Admissions Abroad

By Stella Haffner   |   March 22, 2022

The air smells like printer ink and young people around the country are biting their nails. It’s that time of the year again: Admissions Season.

If there’s one thing I have learned from studying abroad, it’s that Americans truly have some cultural quirks. One of those cute little oddities is the way we handle college admissions. With a native familiarity of American college admissions, it may not be obvious to us why people from other countries find our application process to be so confounding. So, as a point of contrast, I thought we could explore the ways in which the American college admissions game, a process as much fortune as strategy, is understood from a foreign eye. Here to answer some questions is Danish person and thorough Americanophile, Kaja Andersen.

Q. You were born and raised in Denmark. Growing up, what was your first exposure to the USA?

A. The Disney Channel, actually. We had it on cable at home. I believed for a very long time that all American high schools had massive posters of their sports teams like they did in High School Musical.

Do you remember having an image of what college in America looked like?

As opposed to American high school, American university was not really represented in the media I was exposed to as a child. I was vaguely aware of the existence of sororities, and I knew university was a big deal and that American students had to do a lot to get in. Some of my exposure to American university actually came through Danish news, which had a period where it reported a lot on the rape scandals. I had a view of American university that was extremely social, competitive, and dangerous. 

How do you apply to university in Denmark?

There are two options for undergraduates, and you may do either. You can upload your high school transcript and be done; you will be admitted as long as your grades are high enough. If your grades aren’t great, you can apply the other route, writing a letter of motivation. As a postgraduate, however, you don’t usually apply. If you pass your undergraduate degree, you progress automatically.

To the best of your knowledge, what does an American student have to do to apply to college?

I don’t know what you actually have to do, but I’ve been watching high school students receiving their admissions letter on YouTube, and it’s extremely entertaining. When they talk about the process, it sounds like they have to do a lot of different things. They write a lot of essays, sometimes about why they want to attend the university, like one of our routes in Denmark. But sometimes the essays seem to be about topics that aren’t related to going to university at all. And they also seem to take a lot of tests. There’s a lot of talk about statistics. I guess they also have to get recommendations from their teachers. It sounds pretty exhausting.

Is it true that you don’t have teacher recommendations in Denmark?

Yeah, that isn’t a thing.

Now of course I have to ask about the money. How much is tuition in Denmark? 

If you are a Danish or EU resident it is free, and you also get a monthly stipend of 5,300 krone.

Do you have application fees?

Again, for Danish residents and EU residents there isn’t a fee. 

Final question: Is there anything about American college admissions that you would like to have in Denmark?

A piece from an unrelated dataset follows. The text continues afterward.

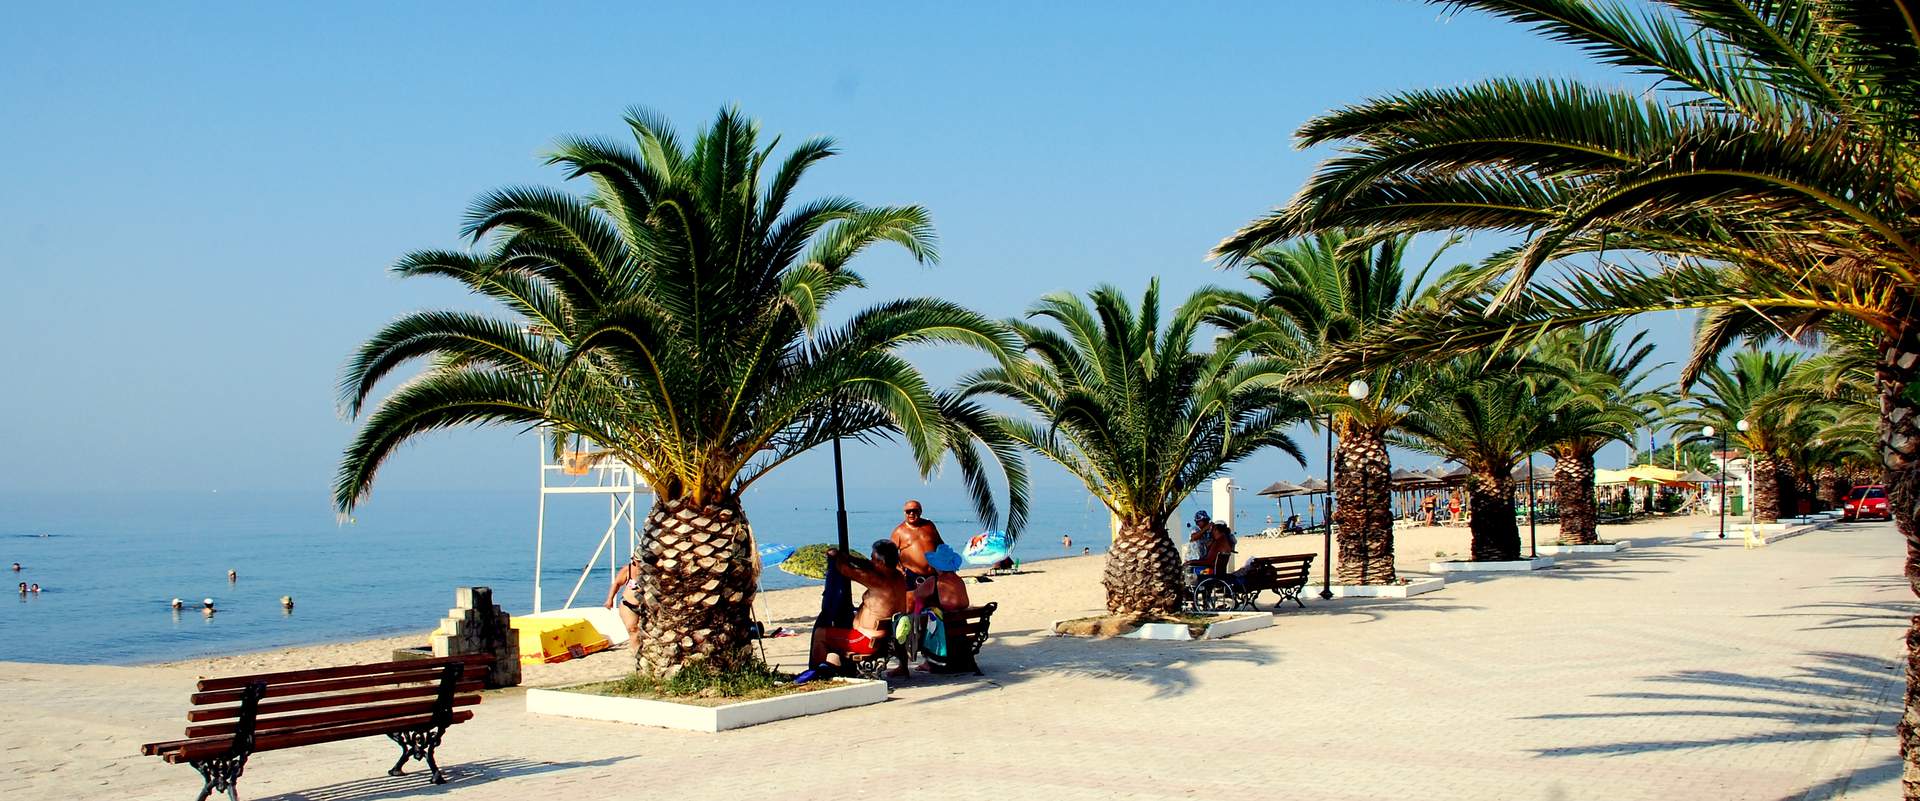 Nea Plagia beach, Halkidiki, Greece
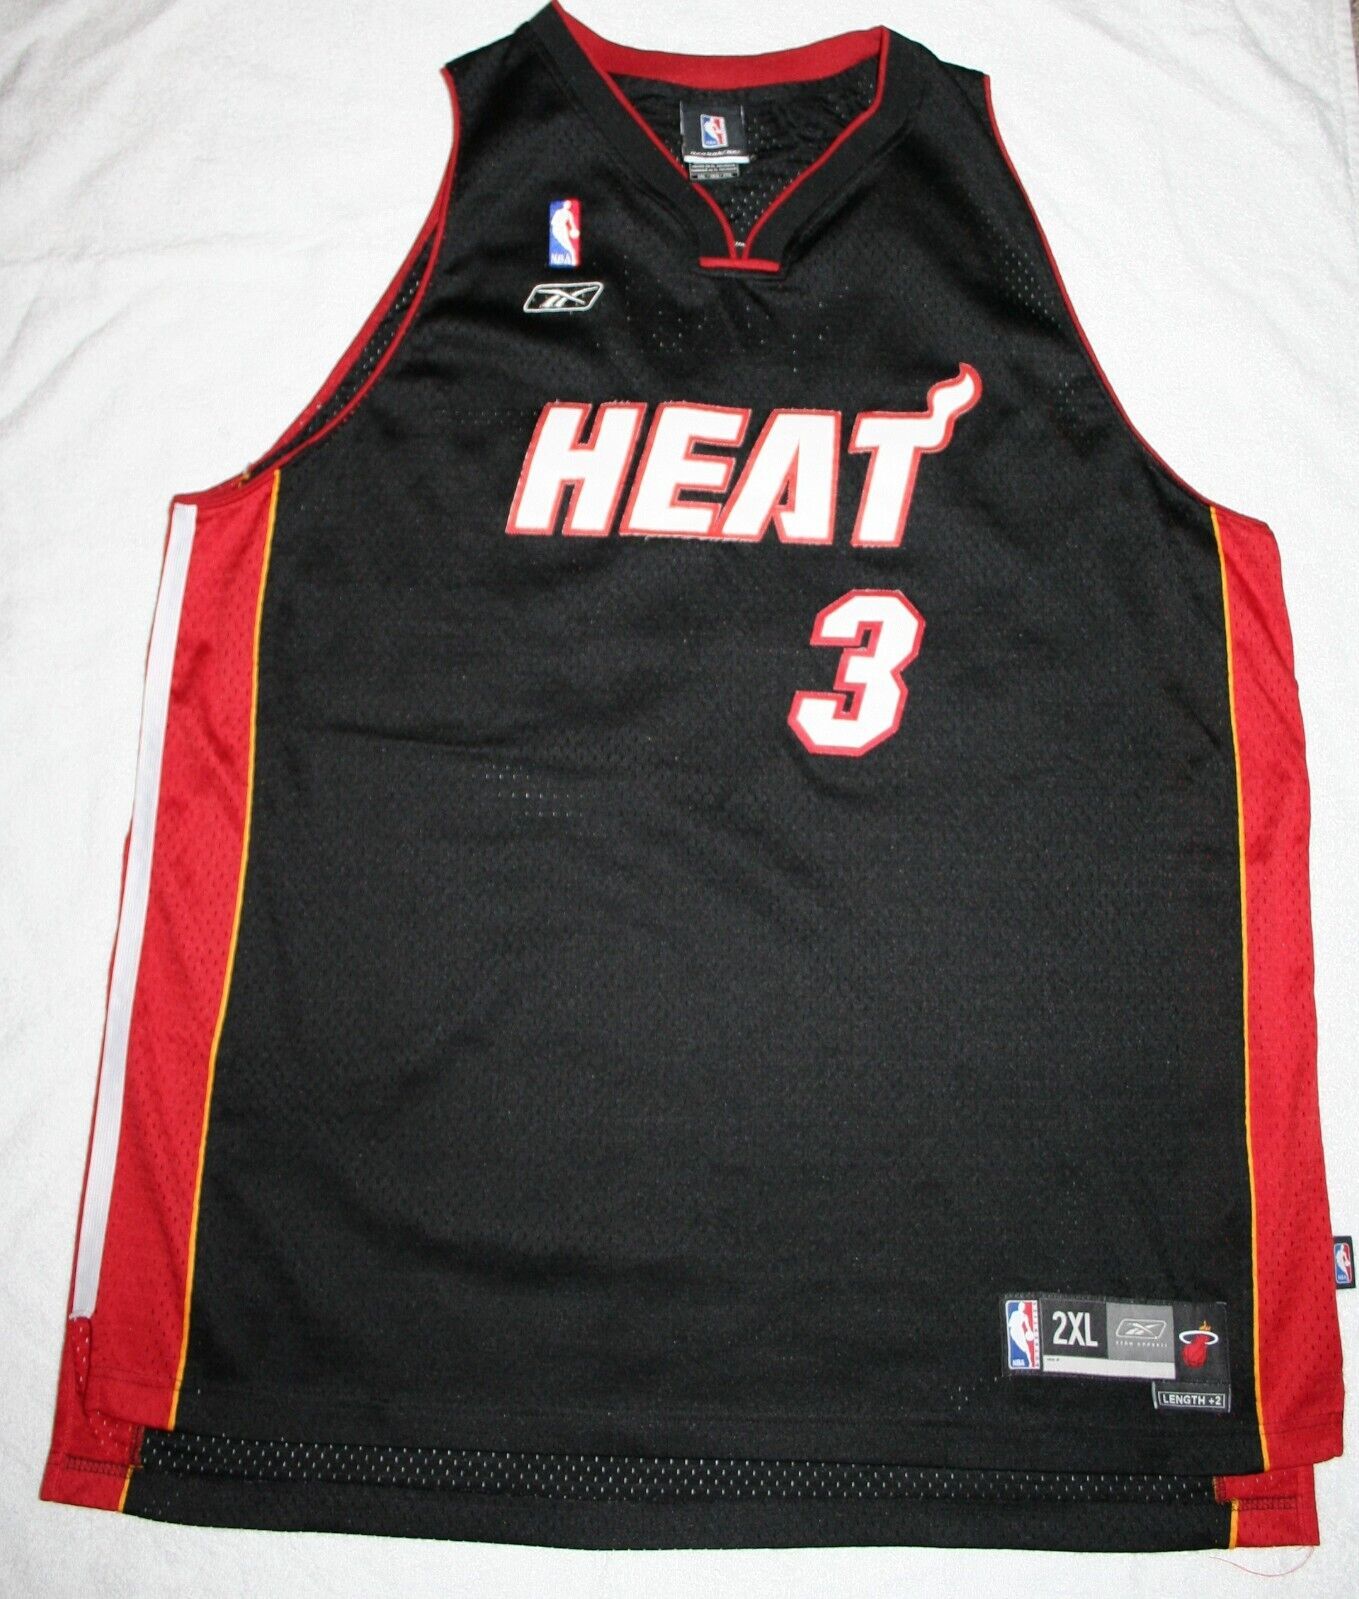 Primary image for Dwayne Wade Miami Heat NBA Basketball Reebok Jersey Adult 2XL XXL

The bravado and drama! Danish college admissions are so boring in comparison – you simply log in to the system, fill out your personal details, and pick your top five programs from the list. Furthermore, all the universities are considered equally good in Denmark. In the U.S., where you end up going to university seems to matter a lot more, so the emotional involvement is at a whole other level. Watching YouTube videos of students from the U.S. receiving their admissions letters – the pathos is incredible. And the admissions letters are so much cooler too. We just receive an email, while American get confetti animation and videos.